▶ TASK TO COMPLETE: What you return should be the complete listing, unchanged, with no pictures in it.

▶ INFORMATION SHOWN:
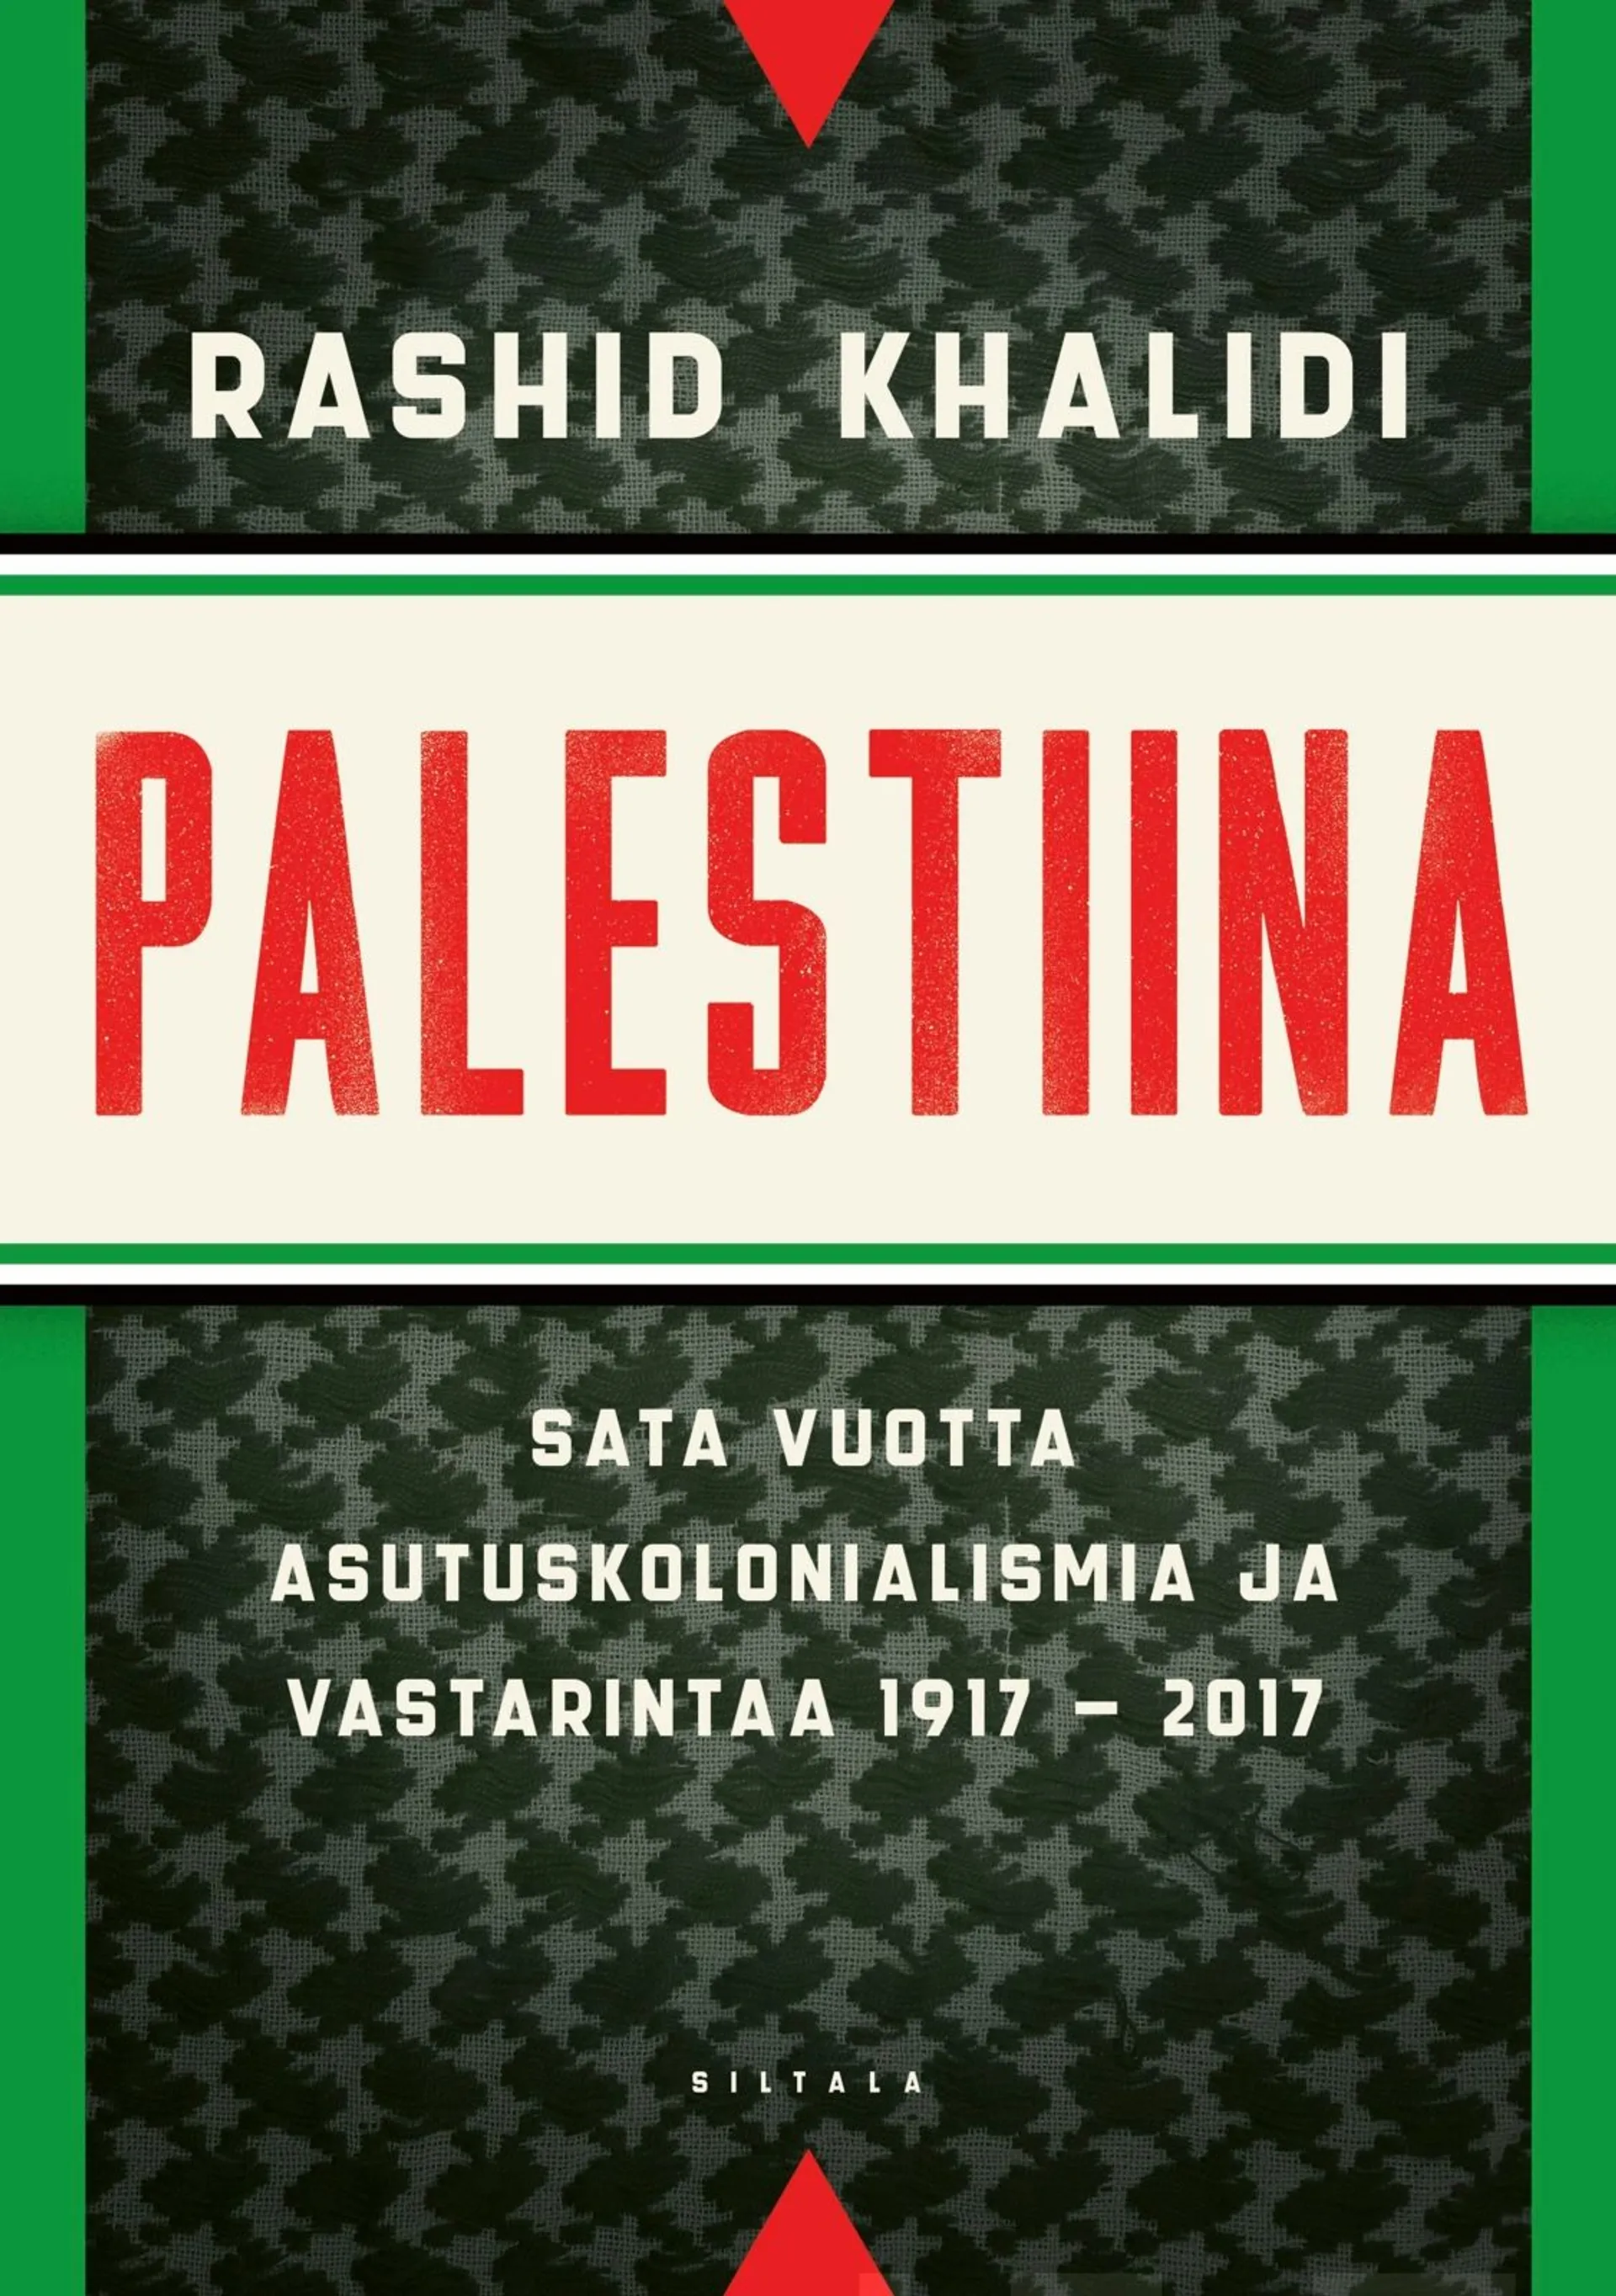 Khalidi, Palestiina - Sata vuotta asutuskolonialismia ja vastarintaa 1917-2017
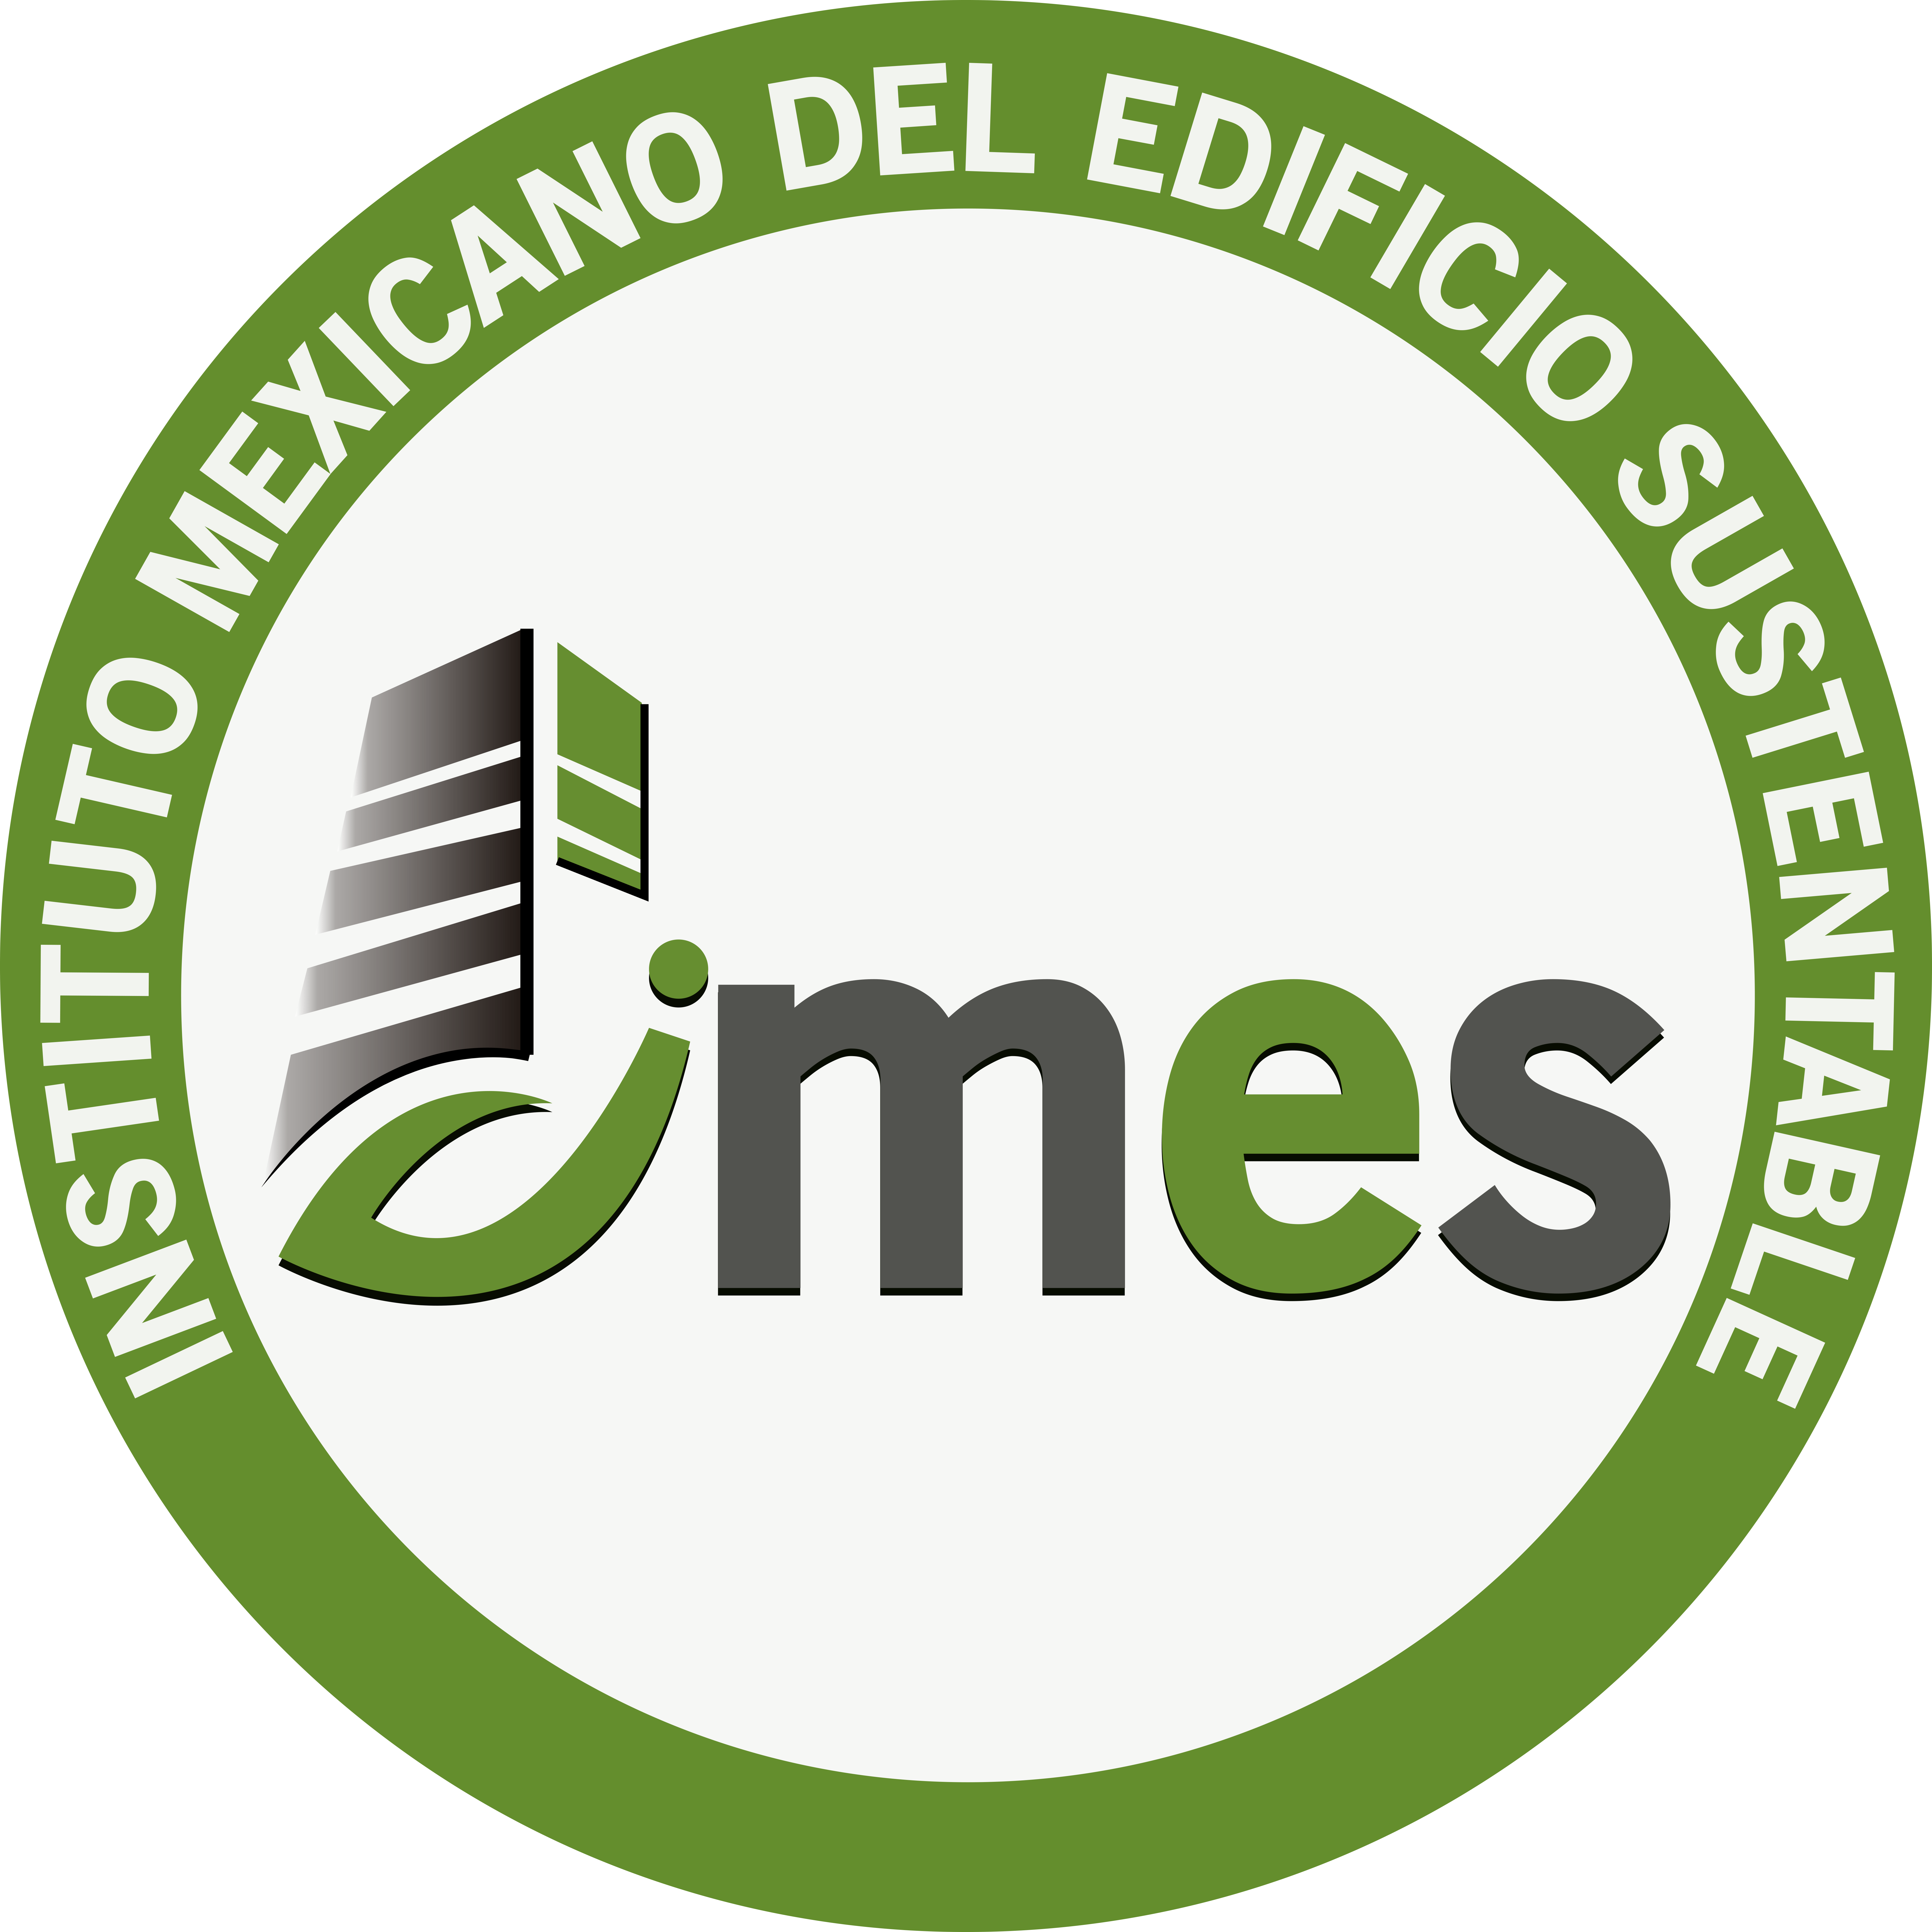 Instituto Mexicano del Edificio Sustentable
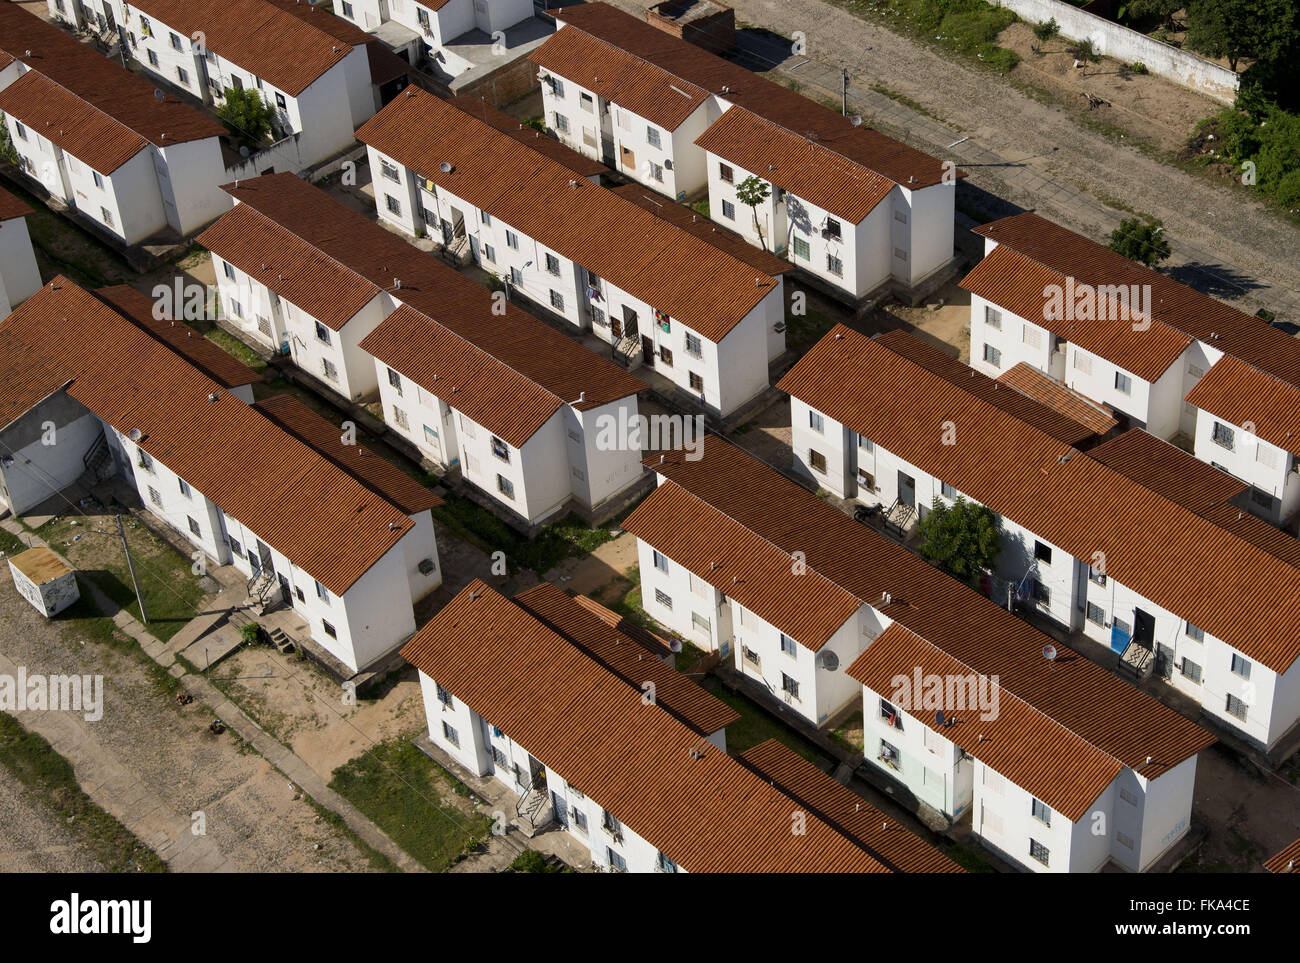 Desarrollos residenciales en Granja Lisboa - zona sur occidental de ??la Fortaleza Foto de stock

▶ SOLUTION TO THE PROBLEM:
 Khalidi, Palestiina - Sata vuotta asutuskolonialismia ja vastarintaa 1917-2017
 Instituto Mexicano del Edificio Sustentable
 Desarrollos residenciales en Granja Lisboa - zona sur occidental de ??la Fortaleza Foto de stock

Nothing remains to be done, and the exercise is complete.